Prolog predicate for showing each member of a list which is on an even position

Question

I'm studying this new concept of logical programming with Prolog. I've worked with cuts, fails, and now I'm at the topic of lists. I have the following task to do: -Write a function evenmember(Element, List) , which will show if an element is at an even position in a list. For example evenmember(X,[1,5,3,2]) will show consecutively the solutions X=5,X=2 .

I've been playing around for a while and have written the following:

evenmember(_, []) :- !, fail.  
evenmember(_, [_]) :- !, fail.  
evenmember(X, [_, X]) :- !.  
evenmember(Elem, List):-  
    [_, Elem1|Tail] = List,  
    Elem is Elem1,  
    evenmember(Elem1, Tail).

The only way to show the results that worked for me was to introduce write function, but it does not work for the task. As far as I remember, we cannot use Elem and List directly, so I'm kind of confused. I ask for assistance and I'm going to be grateful for your help =)

Answer 1

In Prolog it often helps to think about the problem in logical natural language first, then try to translate that to Prolog.

What you are asking for is a rule evenmember( X, L ) which is true if X is an even member of L . If we can properly define this rule, the solutions will be each even member of L . So expressing in natural language:

1) X is an even member of L if X is the second element of L.

So I'll state that in Prolog:

evenmember(X, [_, X|_]).   % The 2nd member of a 2-element list is an even member

That only describes the first even member. The remaining even members can be described recursively:

2) X is an even member of L if X is an even member of the tail of L
   ignoring the first two elements.

Translate this into Prolog and see what you get. This one doesn't need a cut, either. You have to be conservative with cuts. They mean that you want to prune the search tree. In this case that would mean you could stop seeking valid solutions (finding all the even members).

Note that the description I'm giving assumes you want to get a single (the next, more specifically) even member of the list on each call to the predicate, rather than the entire even list at once, since that's what the original description indicates.

Answer 2

Here's a solution:

%% evenmembers(+List, -ListOfEvenPlacedMembers).
%    true when ListOfEvenPlacedMembers is a list of the elements of List at even places.
% 
1| evenmembers([],[]).
2| evenmembers([_Odd], []).
3| evenmembers([_Odd,Even|List], [Even|Evens]) :-
4|    evenmembers(List, Evens).

Here's a translation of the lines:

1. The even members of an empty list is an empty list (there are none).
2. The even members of a list with one element is an empty list (again, there are none).
3. The even members of a list with the first two elements _Odd, and Even, and the rest List, is a list whose first member is [Even] and whose subsequent members are Evens IF
4. the even members of List are Evens.

The rule at line 4 picks off the first two elements of a list and puts the second, even placed, element into the list of evenly placed elements.

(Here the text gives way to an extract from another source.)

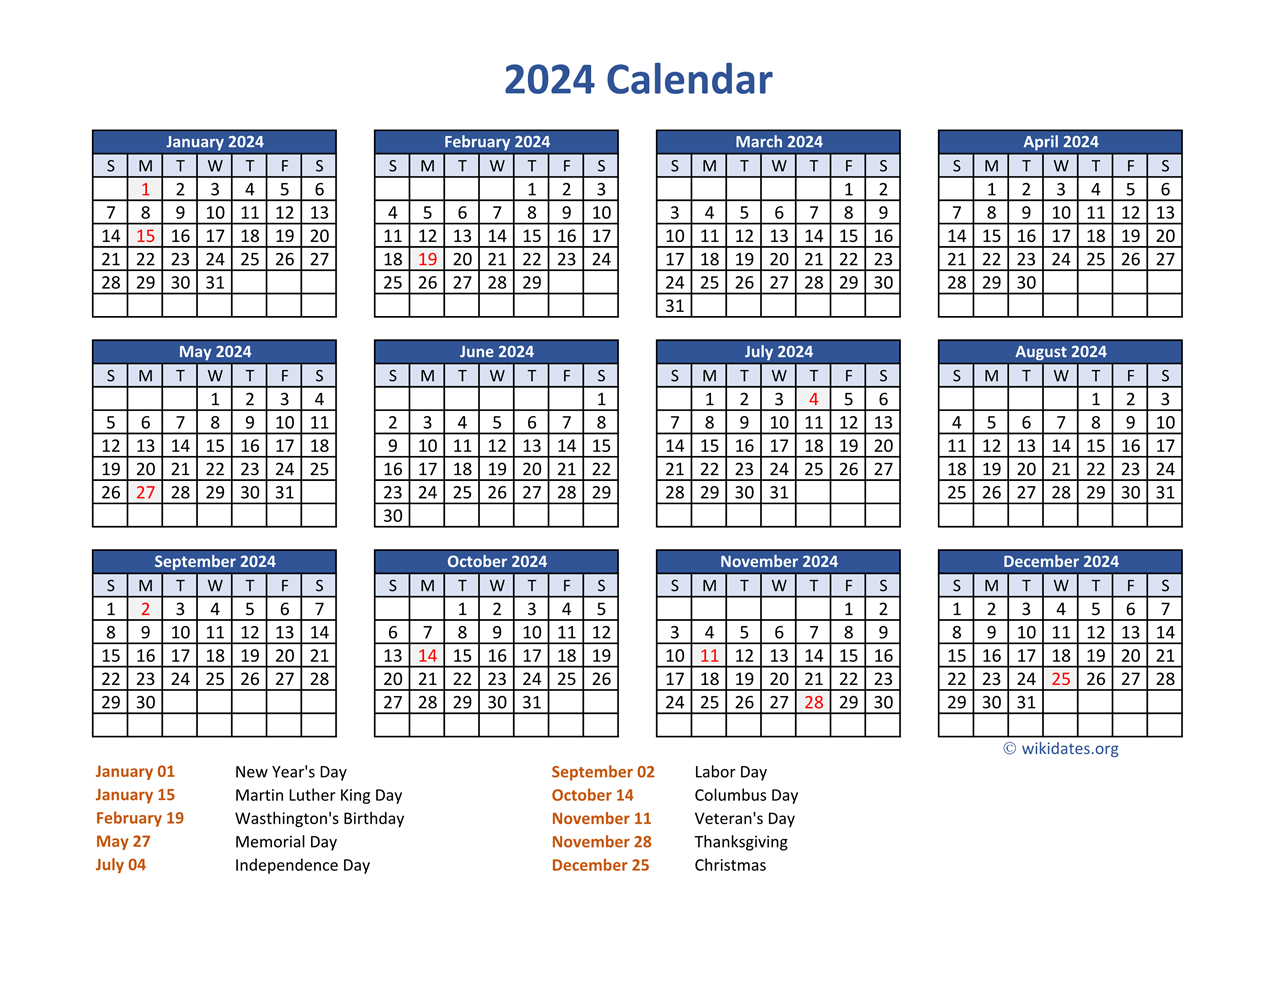 Pdf Calendar 2024 With Federal Holidays | Wikidates | 2024 Printable Calendar One Page With Federal Holidays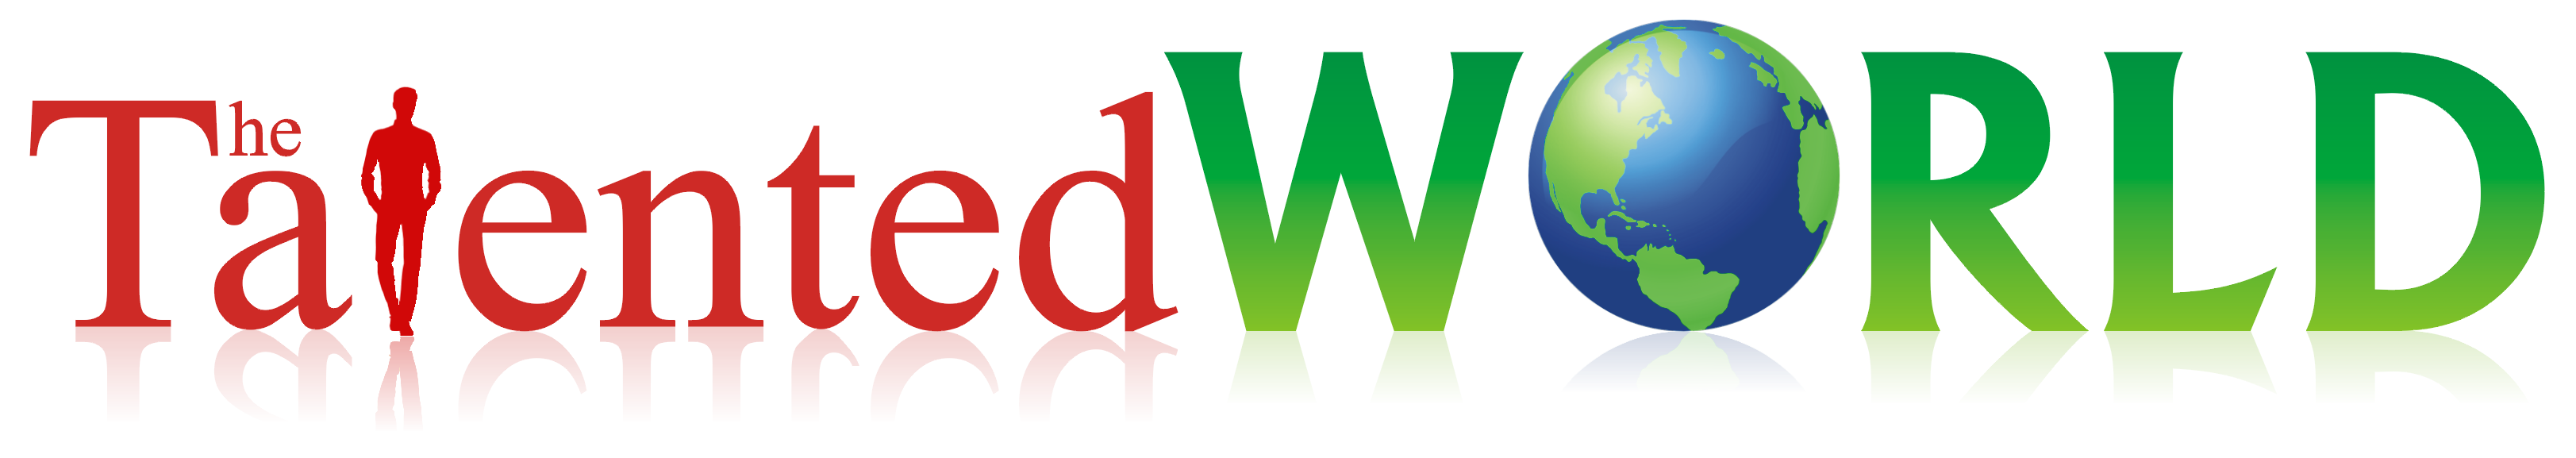 thetalentedworld logo

If you're running this in the swi-prolog interpreter, it should give you the solutions without you having to use write/1 . However, if you wanted to use an io predicate to format the output, you can do so by adding a helper predicate:

format_evenmembers(List) :-
    evenmember(List, Evens),
    format("Even members are ~w", [Evens]).

Answer 3

This looks like homework, but I'll point you in the right direction by showing a similar example.

even_members([], []).
even_members([_], []) :- !.
even_members([_,Even|Tail], [Even|Result]) :-
  even_members(Tail, Result).

which gives

?- even_members([1,5,3,2], X).
X = [5, 2].

We take the 2nd element in the head of the list (which will always be the evenly positioned element), and add it to the list which will contain the answer. Then recursively iterate through the list using the tail.

The base case is when we reach the end of the list. Since we traverse the list 2 elements at a time, for an even length list we'll reach an empty list, and for an odd length list there'll be a single element left (as pointed out by aBathologist). Once we reach a base case, we build the list going back up the recursion tree.

My example stores the answer in a list, which is typically what you'd want (lists are common in Prolog). In your solution, you don't want to store the results in a list.

PS It's been over a year since I wrote any Prolog, so hopefully I still know what I'm talking about.